REPUBLIKA.CO.ID, ABU DHABI -- Saat ini Inggris menguasai pangsa pasar keuangan global mencapai 20 persen. Karenanya, rencana keluarnya Inggris dari Uni Eropa (Brexit) akan sangat berpengaruh pada pasar keuangan Benua Biru. Hal ini dinilai bisa pula memengaruhi keuangan Islam yang memanfaatkan Inggris sebagai pintu masuk zona Eropa.
Sejak mulai memiliki produk pembiayaan syariah untuk perumahan pada 1990-an, Inggris jadi negara Barat paling maju di sektor keuangan syariah. Sukuk korporasi kemudian diluncurkan satu dekade kemudian. Pada 2014, Inggris jadi negara Eropa pertama yang menerbitkan sukuk pemerintah dan dicatatkan di Bursa Efek London (LSE).
Langkah ini terus menarik minat negara-negara Timur Tengah dan para miliarder Muslim mencari jalan memasuki pasar Eropa melalui Inggris mengunakan jasa keuangan Islam yang ada di sana.
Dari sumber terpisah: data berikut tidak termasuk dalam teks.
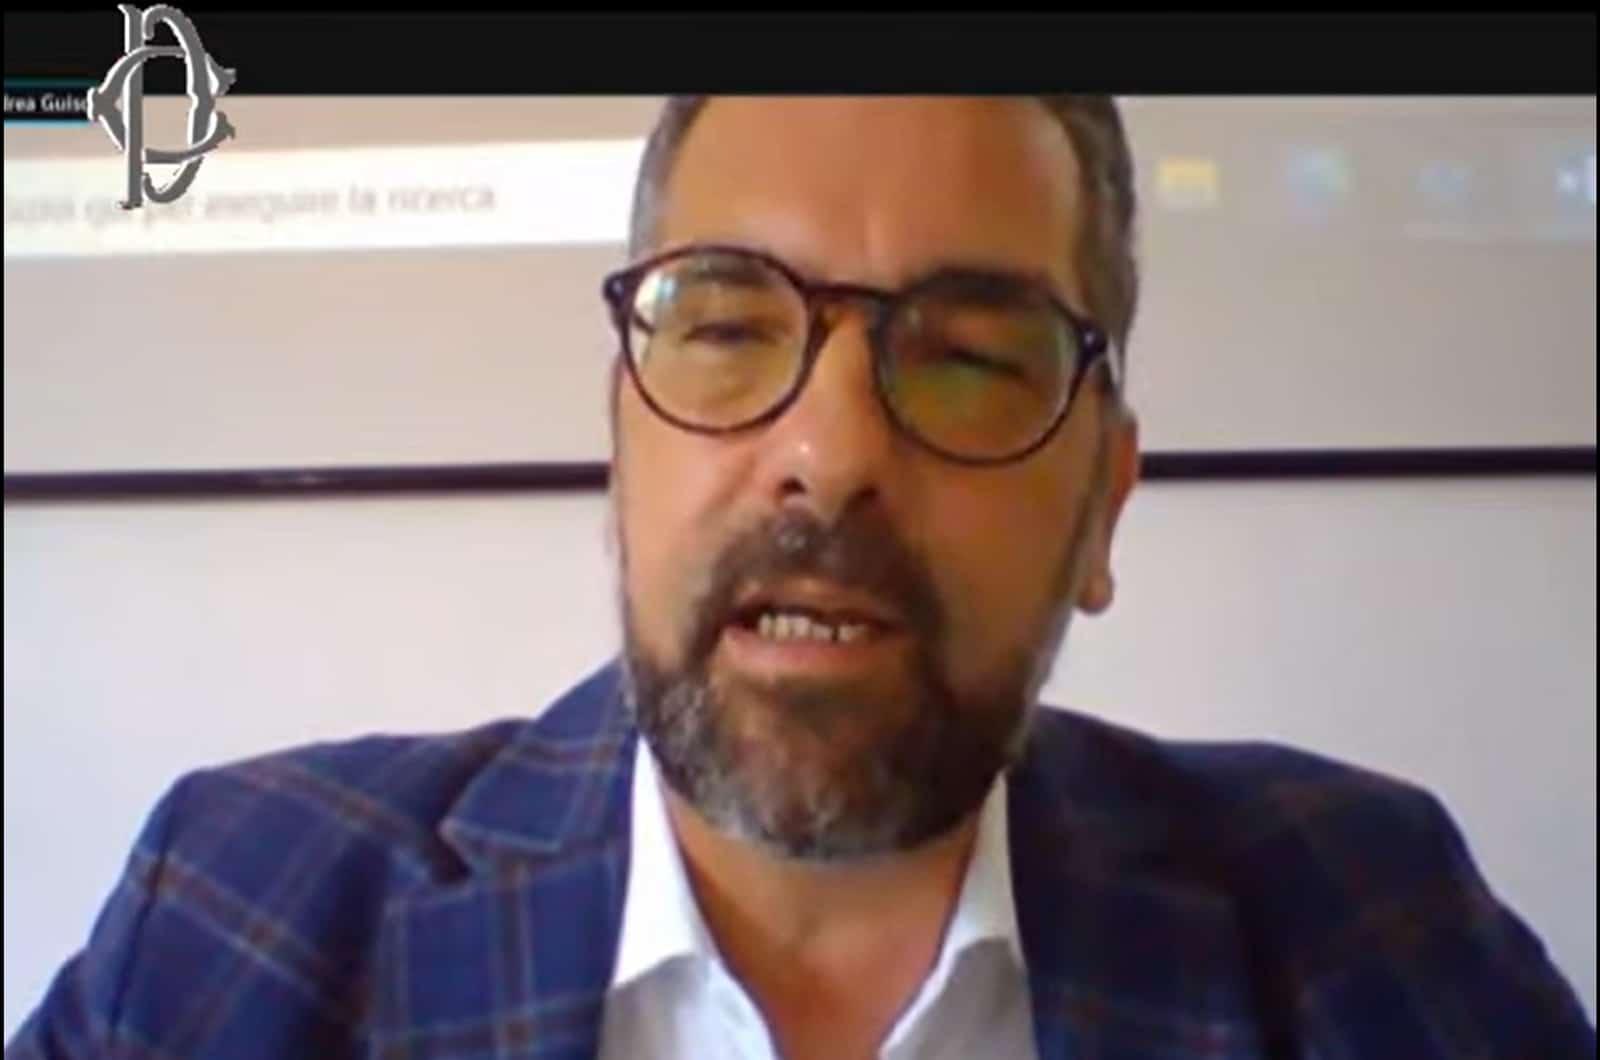 intervento andrea guiso università la sapienza roma - internaizonalizzazione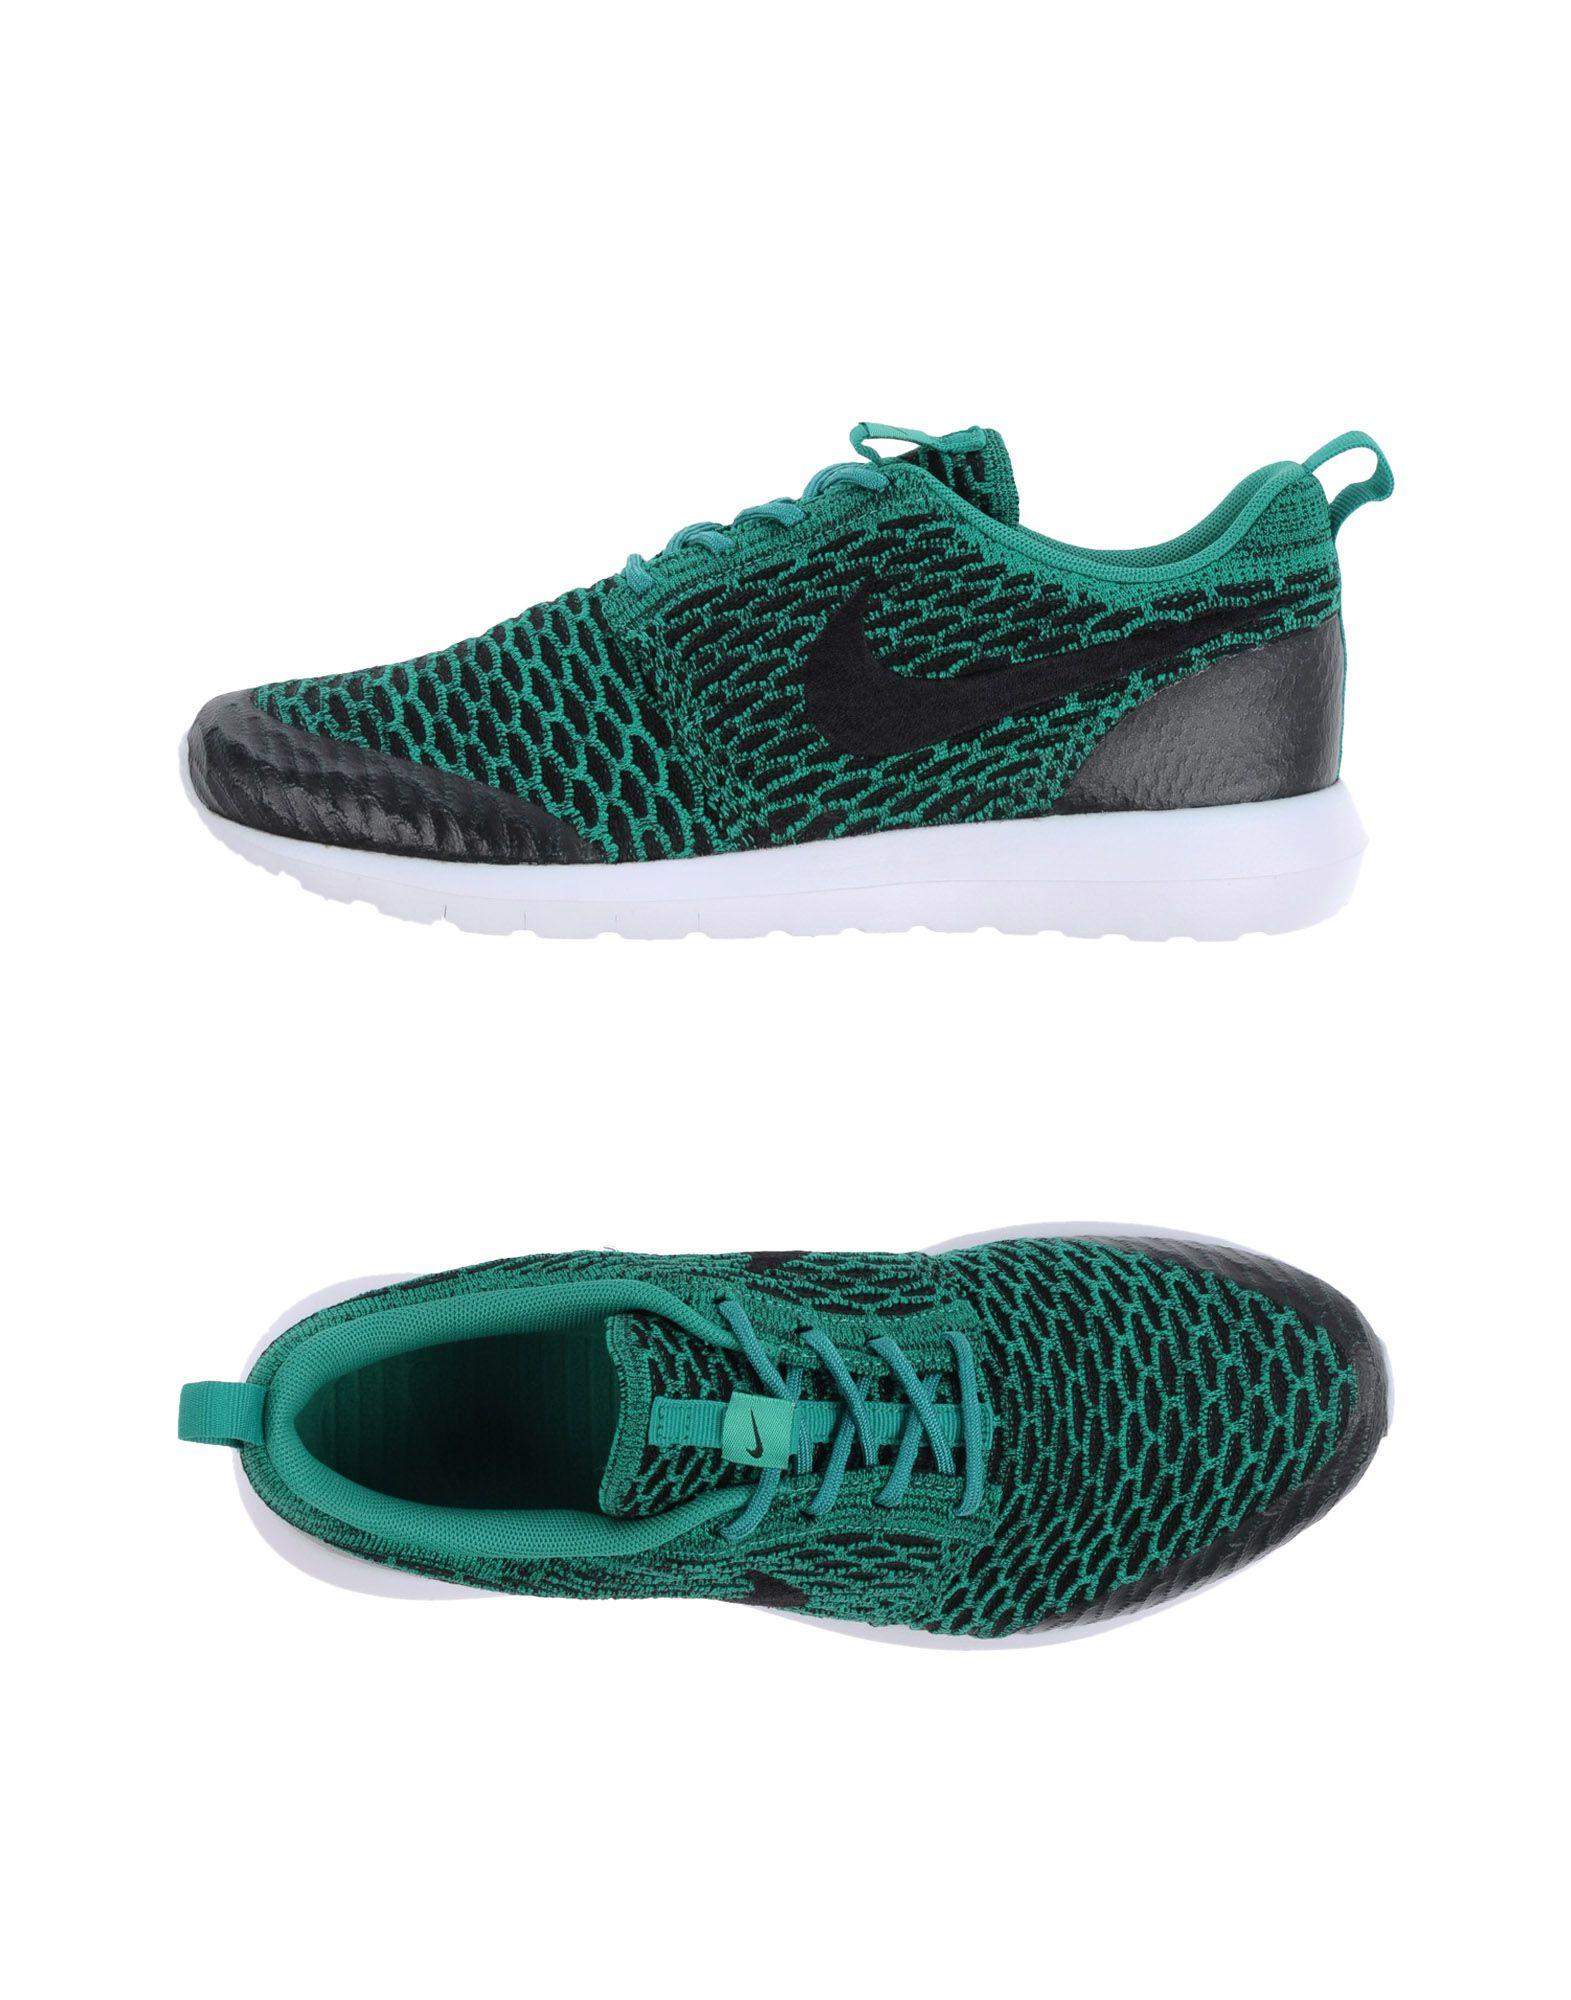 Sneakers Nike Uomo - 11164084DF Scarpe economiche e buone

Dengan peningkatan jumlah Muslim di Eropa, permintaan atas jasa keuangan Islam di Eropa meningkat.
Belakangan, lembaga jasa keuangan berizin, termasuk lembaga keuangan Islam, boleh mengembangkan bisnis ke negara Eropa mana saja termasuk negara-negara anggota Asosiasi Perdagangan Bebas Eropa (EFTA), dengan atau tanpa kantor cabang. Ini memungkin bank, manajer investasi, manajemen aset, perusahaan asuransi, dan penyedia jasa pembayaran bebas mengakses pasar Eropa.
''Ini akan tergantung pola Brexit yang diambil. Meninggalkan Uni Eropa bisa berarti pelarangan akses ke pasar Eropa bagi lembaga keuangan di bawah regulasi Inggris. Negara-negara ke tiga juga akan mengikuti Inggris atau tetap berada di Eropa tanpa bisa meminta legislasi lembaga jasa keuangan,'' ungkap ahli hukum jasa keuangan firma hukum Herbert Smith Freehills di London, Karen Anderson seperti dikutip Gulf Times, awal pekan ini.